Het Uwv heeft bij brief van 21 december 2015 te kennen gegeven van mening te zijn dat het bestreden besluit juist is. Daartoe is verwezen naar een rapport van een verzekeringsarts bezwaar en beroep van 16 december 2015 waarin onder meer is vermeld dat de stemming van appellante wisselt, dat niet bewezen is dat appellante op de datum in geding een depressie had en dat lezen en schrijven slechts beperkt kan worden als er een medische stoornis is. De deskundige heeft in reactie hierop in een aanvullend rapport van 11 februari 2016 te kennen gegeven bij het vaststellen van de beperkingen primair uitgegaan te zijn van het psychiatrisch toestandsbeeld op de datum in geding. Daarbij is opgemerkt dat appellante feitelijk licht beperkt is in lezen en schrijven, wat waarschijnlijk deels samenhangt met haar zwakbegaafdheid.
4.5.
De bestuursrechter kan de conclusies van een onafhankelijke, door hem ingeschakelde deskundige volgen indien de door deze deskundige gebezigde motivering hem overtuigend voorkomt.

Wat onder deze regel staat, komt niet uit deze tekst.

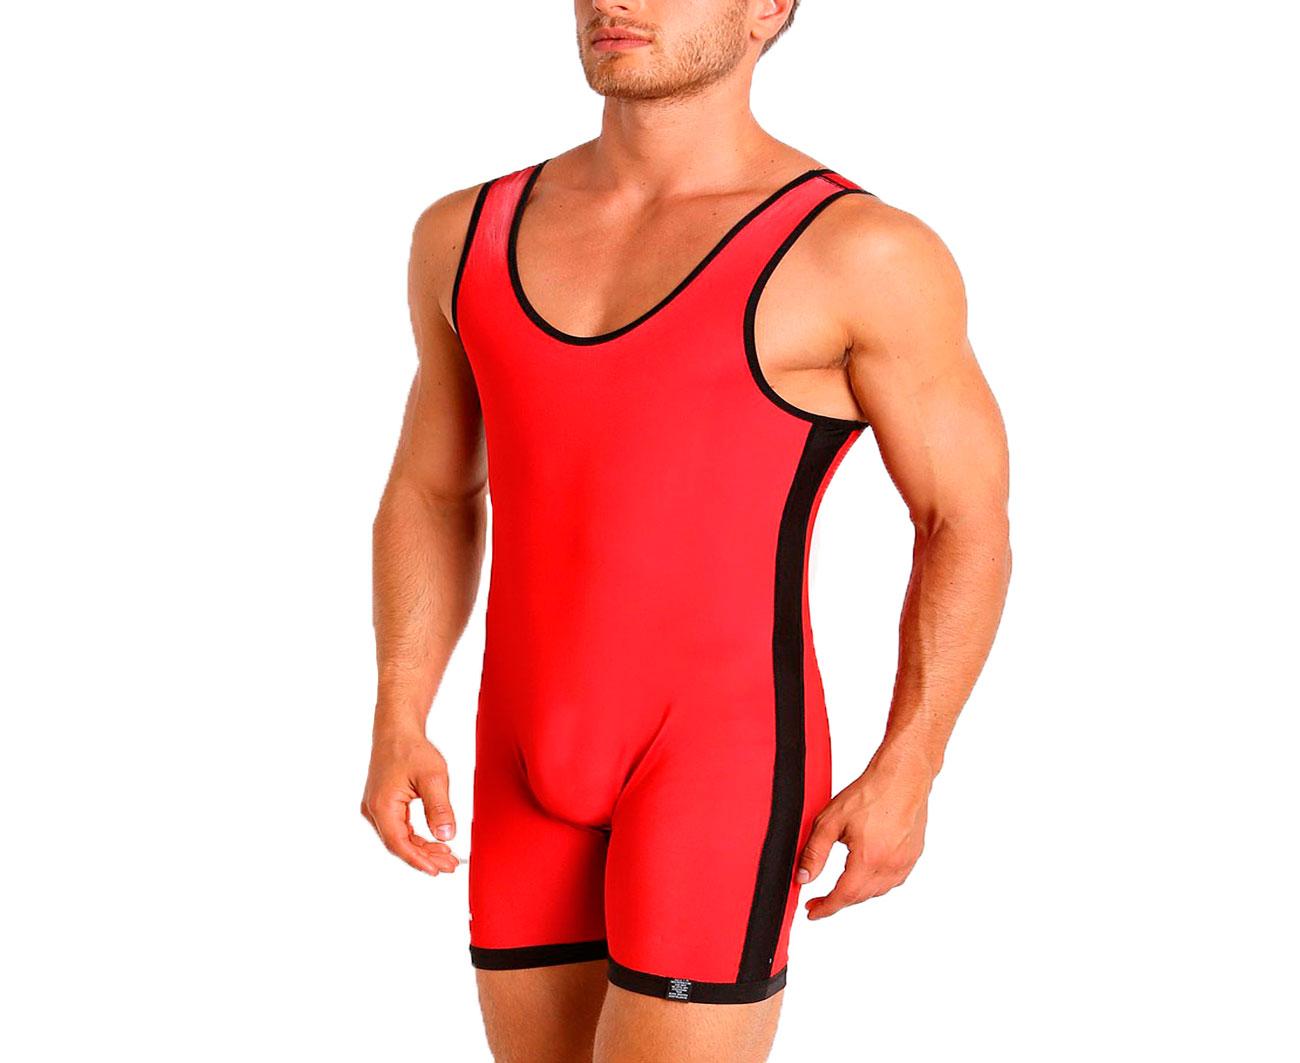 Трико борцовское Adidas двухстороннее Wrestling Reversible Singlet сине-красное XS

Deze situatie doet zich hier voor. Het uitgebrachte deskundigenrapport geeft blijk van een zorgvuldig onderzoek en is inzichtelijk en consistent. De door de deskundige psychiater gebezigde motivering is voorts overtuigend. Ook anderszins zijn geen omstandigheden naar voren gekomen die aanleiding geven het rapport niet te volgen. De deskundige heeft in zijn rapport gemotiveerd uiteengezet dat appellante meer beperkt is dan door het Uwv is aangenomen.
4.6.
Uit hetgeen in 4.1 tot en met 4.5 is overwogen, vloeit voort dat de medische grondslag van het bestreden besluit niet deugdelijk is gemotiveerd omdat appellante meer beperkt moet worden geacht dan door het Uwv is aangenomen. Daarom wordt aanleiding gezien met toepassing van artikel 8:51d van de Algemene wet bestuursrecht het Uwv op te dragen dit gebrek in het bestreden besluit te herstellen. Het Uwv zal, met inachtneming van de door de deskundige genoemde beperkingen, een nieuwe FML moeten opmaken en zo nodig op basis daarvan arbeidskundig onderzoek laten plaatsvinden.
4.7.
Afhankelijk van de uitkomst hiervan zal door het Uwv bezien moeten worden of de bestreden besluiten in stand kunnen blijven.

BESLISSING

De Centrale Raad van Beroep draagt het Uwv op om binnen zes weken na verzending van deze tussenuitspraak het hiervoor aangegeven gebrek in het besluit van 15 januari 2013 te herstellen met inachtneming van hetgeen in deze uitspraak is overwogen.
Deze uitspraak is gedaan door I.M.J. Hilhorst-Hagen, in tegenwoordigheid van
M.D.F. de Moor als griffier. De beslissing is uitgesproken in het openbaar op 14 juli 2016.